O modo como as pistas são despostas apresenta elementos pseudo-metalinguísticos, quase quebrando a quarta parede, ainda que tal exercício seja bastante comedido no início, regado a um humor nonsense, condizente com a literatura de Amy, como uma caça ao tesouro, de intenções não expostas por completo.
Da exemplar personagem Amazing Amy até a pervertida e – segundo ela mesma – garota má, a senhora Dunne se mostra confusa, irresoluta e preocupada com o que ocorrerá sob seu lar. Ela luta para não ser a megera controladora. A gentileza com que Nick trata a todos é confundida com falta de preocupação, fruto da sua dificuldade em ser ou se mostrar empático. Ele se sente grato pela ajuda do povo, mas vive um inferno encerrado em si mesmo.
Aos poucos é revelado o descontentamento de Amy em mudar-se para a terra de seu cônjuge – Missouri – longe da urbanidade de sua Nova York. O fracasso em salva sua sogra faz custar muito de sua moral, uma vez que ela era a válvula de escape para ele, somente usada no sexo. Um objeto. Notar o desprezo não é nada perto da percepção dele em estar amedrontada.
A insensibilidade acaba sendo mais um indício de culpa e de associação a sociopatia para o marido da “vítima”. Nick sente-se estafado por sempre ser julgado como um crápula por praticamente todas as mulheres em tela. O fato dele não ser um exemplo de conduta não garante a si a culpa automática. As mentiras que pratica pregam contra a sua inocência e ele não para. Fato é que ambos se sentiam como intrusos.

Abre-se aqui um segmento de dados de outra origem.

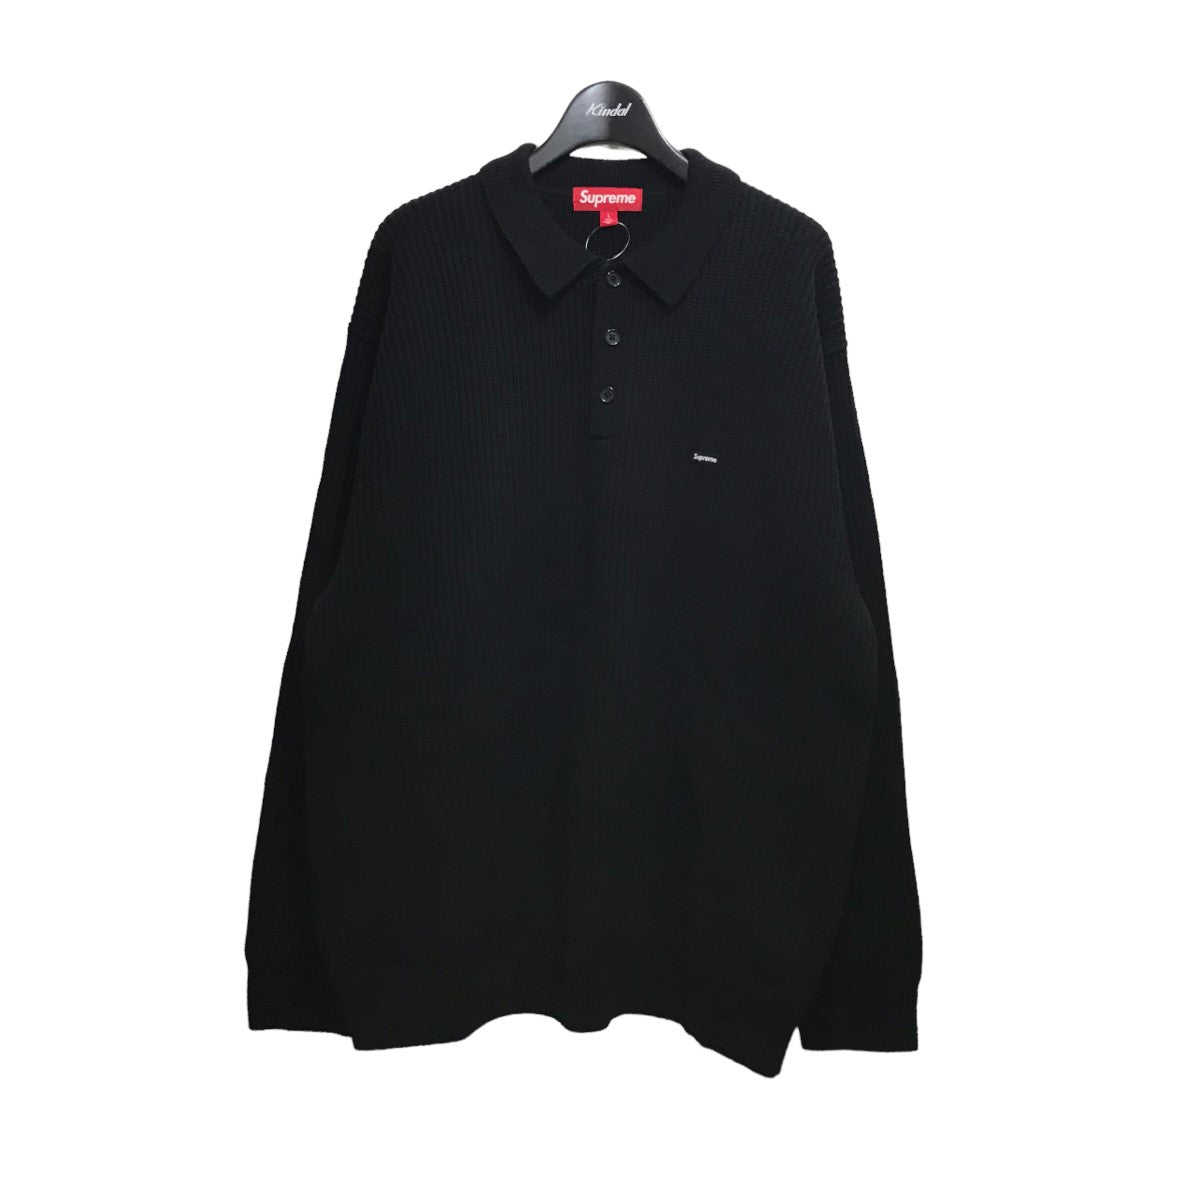 BlackSupreme Small Box Polo Sweater Mサイズ ブラック

O roteiro apresenta alguns twists, exibindo a desaparecida arquitetando um plano, cujo senso de punição e vingança, supostamente feita pela mulher. Tudo urdido como deveria ser, pelas mãos de uma perfeita e experiente contadora de história, que busca justiçar aquele a quem machucou-a, pondo a testosterona como objeto de ódio. O ego amargurado a faz ser verborrágica em seu processo de revide, absolutamente fria e minuciosa. O paradigma da vilania muda, desde a suspeita do impingidor do mal até a feitoria do plano maligno. Até o trabalho detetivesco muda de mãos, numa assaz estratégia narrativa em reverter clichês do gênero policial.
As falhas de concepção dos planos de Amy/Nancy ajudam a aumentar o escopo de realidade, assim como o transtorno de limpeza dela. Mesmo dando errado o primeiro plano, ambos os lados da contenda prosseguem avançando, movidos por instinto na maioria das vezes. Até os papéis de manipulador e manipulado mudam, assim como há reviravoltas com relação a quem dá as cartas a mesa.

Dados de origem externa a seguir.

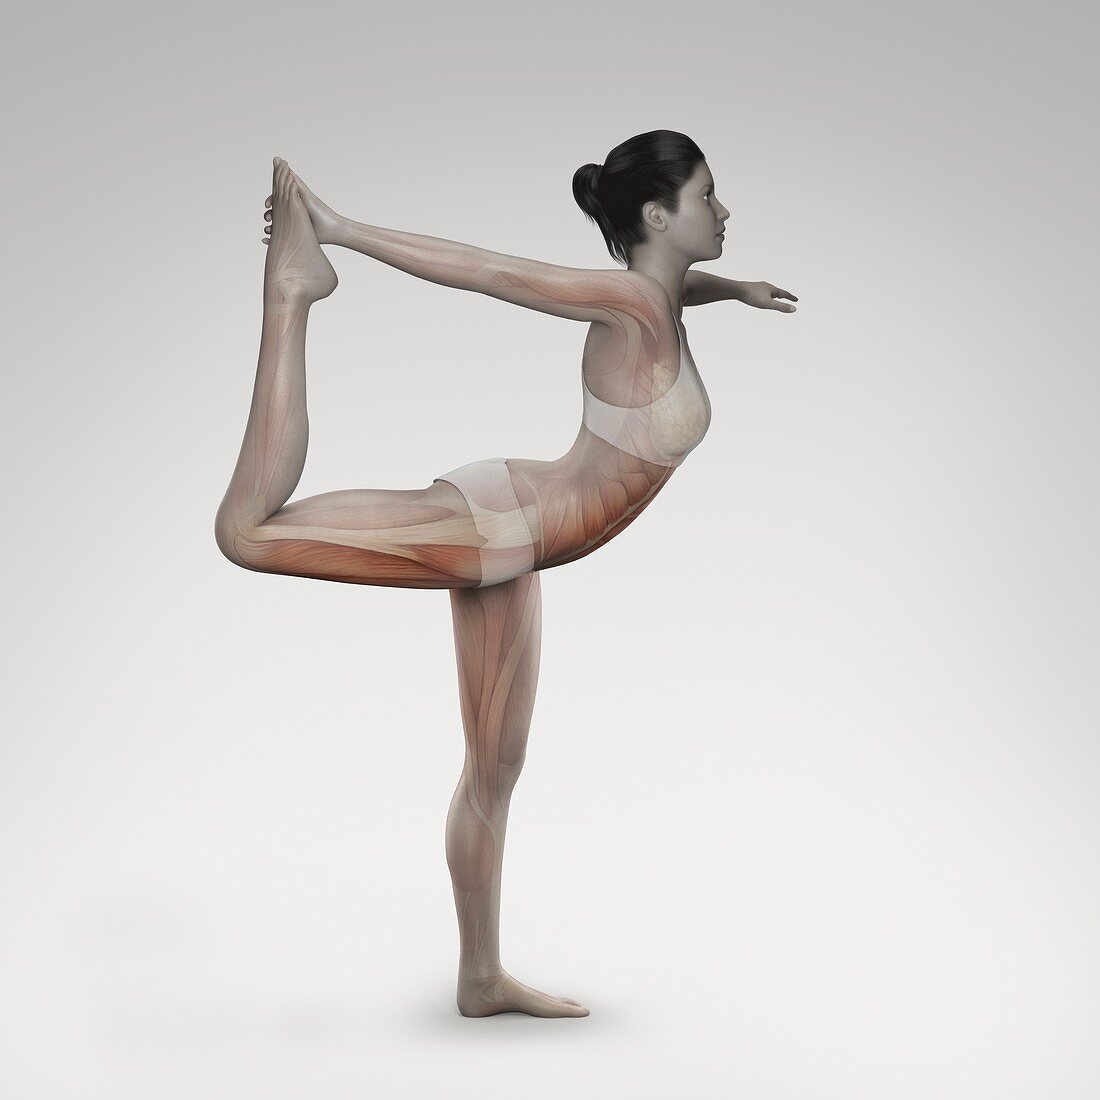 Yoga The Dancer's Pose, artwork

O cinismo carregado nos atos de cada uma das pessoas mostradas pela câmera de Fincher proíbe o espectador de torcer por qualquer um dos personagens. O jogo de lobos prossegue, repleto de erros e de surpresas da parte dos que pareciam ingênuos ou incautos. A situação consegue se sustentar tão louca – e sanguinário – que o planejamento secundário beira a perfeição, assim como a direção da obra. A lente de Fincher é tão fria quanto o caráter de Amy, igualmente psicopata e calculista. A falsidade manipuladora e carismática de Garota Exemplar faz deste um dos melhores suspenses de sua filmografia, destes, o que mais valoriza a ambiguidade de alma e de ethos, sendo deveras amoral, cuja culpa ou arrependimento passam longe, onde o sangue dos inocentes é facilmente retirável, com um ato tão corriqueiro quanto um banho antes de dormir.
A vida idílica e dissimulada ganha o posto de fantasia suprema, numa alegoria ao eterno teatro chamado casamento, cujo uma das partes tem de viver sob o fio da navalha, como uma presa fácil a espera do seu abatimento inexorável. O roteiro Gillian Flyn é baseado na dualidade típica de um casal, se valendo de um personagem feminino forte, que conta uma história forte, valendo-se da manipulação, a mãe de todos os pecados de vaidade, que faz da tirania da felicidade a base do sentido hipócrita de viver.